Yes. When ShotSpotter was found to have its sensors overwhelmingly be in Black and brown communities in Chicago by one study, their response was essentially, “Well, that’s where the crime is.” This is also the case in other cities where ShotSpotter is installed. In New York, in Detroit, elsewhere, it’s overwhelmingly installed in Black and brown communities. And it gets to the larger question about how we police cities. This was something that came up during the George Floyd rebellions and has been part of the national conversation. And the issue always comes down to how police are policing these communities.

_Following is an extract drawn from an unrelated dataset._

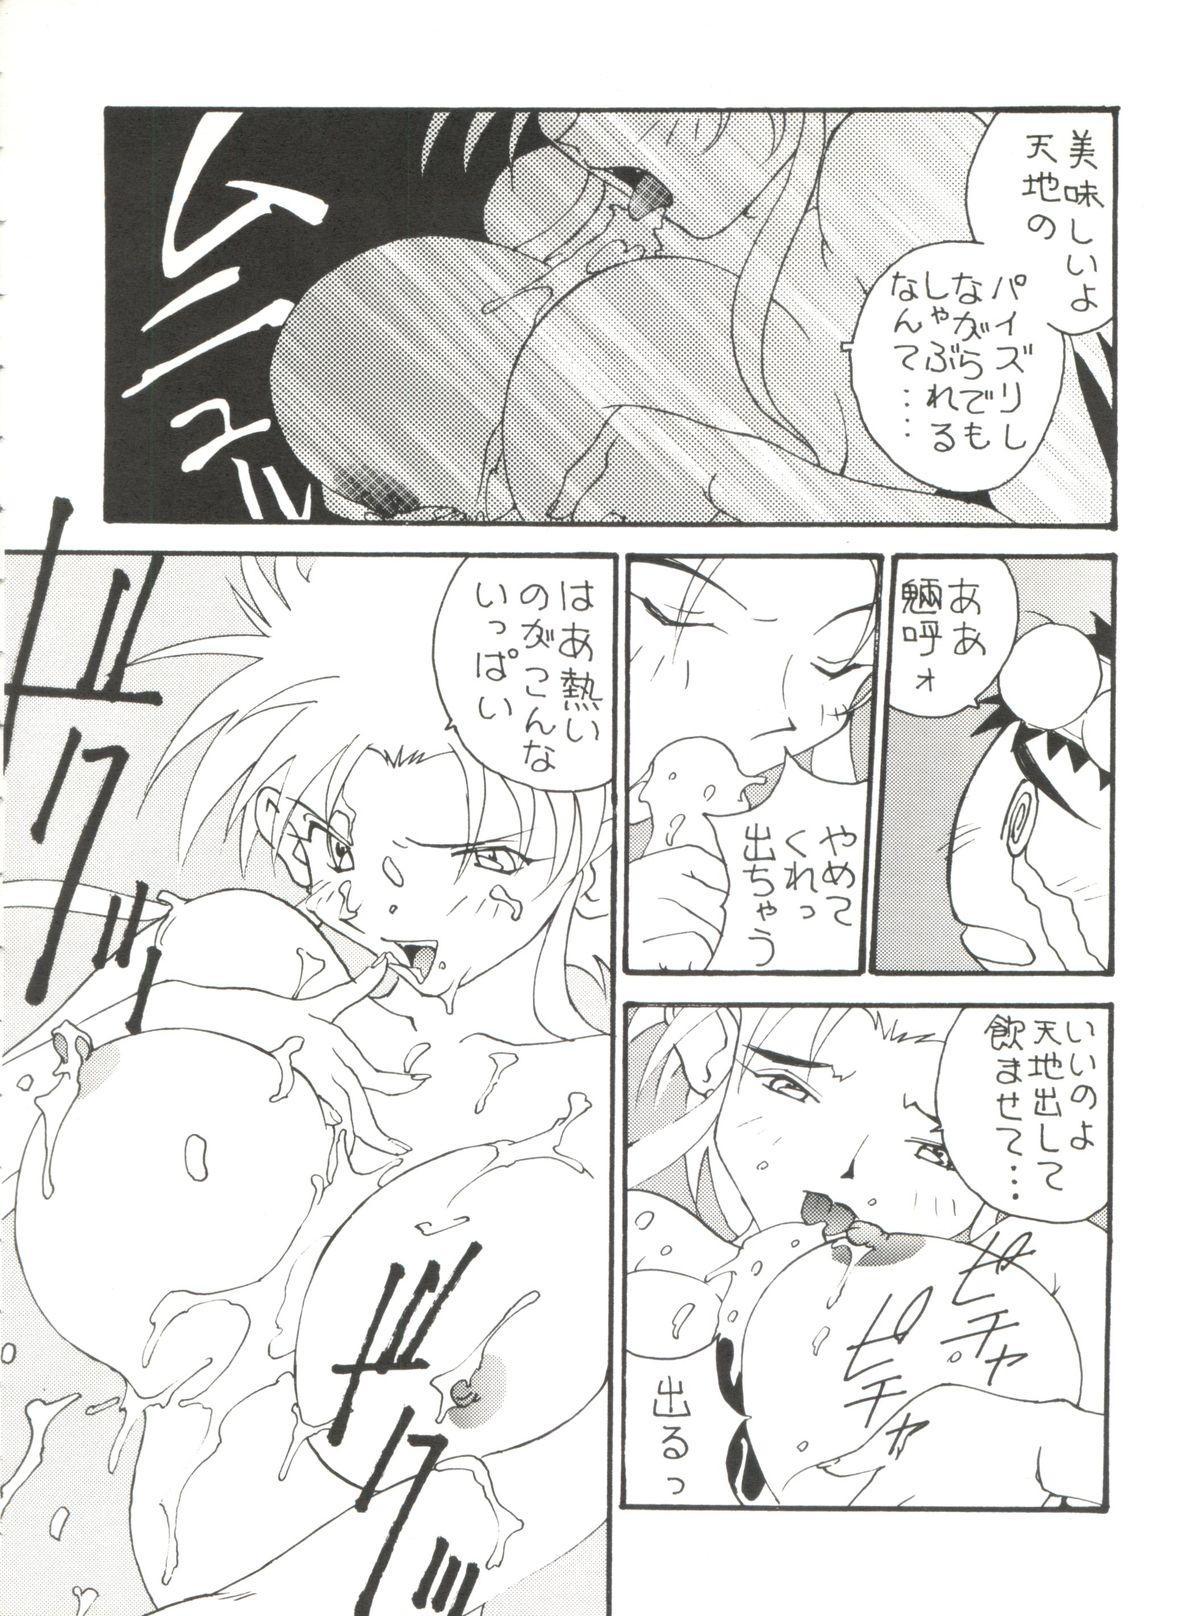 Toufuya Kyuuchou 12

This is absolutely an inflection point. Chicago has ShotSpotter’s most expensive contract. It’s losing a huge client. There is a possibility that other municipalities, when they’re considering whether to renew the contract or sign a new contract for the first time, might look to Chicago and see this city that has gun violence as a problem, that was ShotSpotter’s biggest customer, and has been for over five years now, canceled the contract. They might think twice about signing up themselves.

How would it play out politically if gun violence were to go up after ShotSpotter is discontinued? There seems to be a lot riding on how this plays out.

If gun crime goes up in the months after ShotSpotter is expired, undoubtedly the people who want to keep it will say that it’s because we canceled the contract with ShotSpotter—whether or not that’s true. If gun crime goes down after ShotSpotter, the argument can be credibly made that canceling the contract did not have a negative effect on gun crime.

The conversation around ShotSpotter, especially in recent weeks as the contract was getting ready to expire, has overwhelmingly, on both sides, been driven by emotion and pathos as opposed to data and facts. And that will continue. That’s true for a lot of political discourse in this day and age, especially when it comes to public safety. A lot of it is driven by victim statements—on one side victims of gun violence, and victims of police abuse on the other. Both of them have very legitimate points. And some politicians are willing to exploit that in service of their own ends, so that will continue.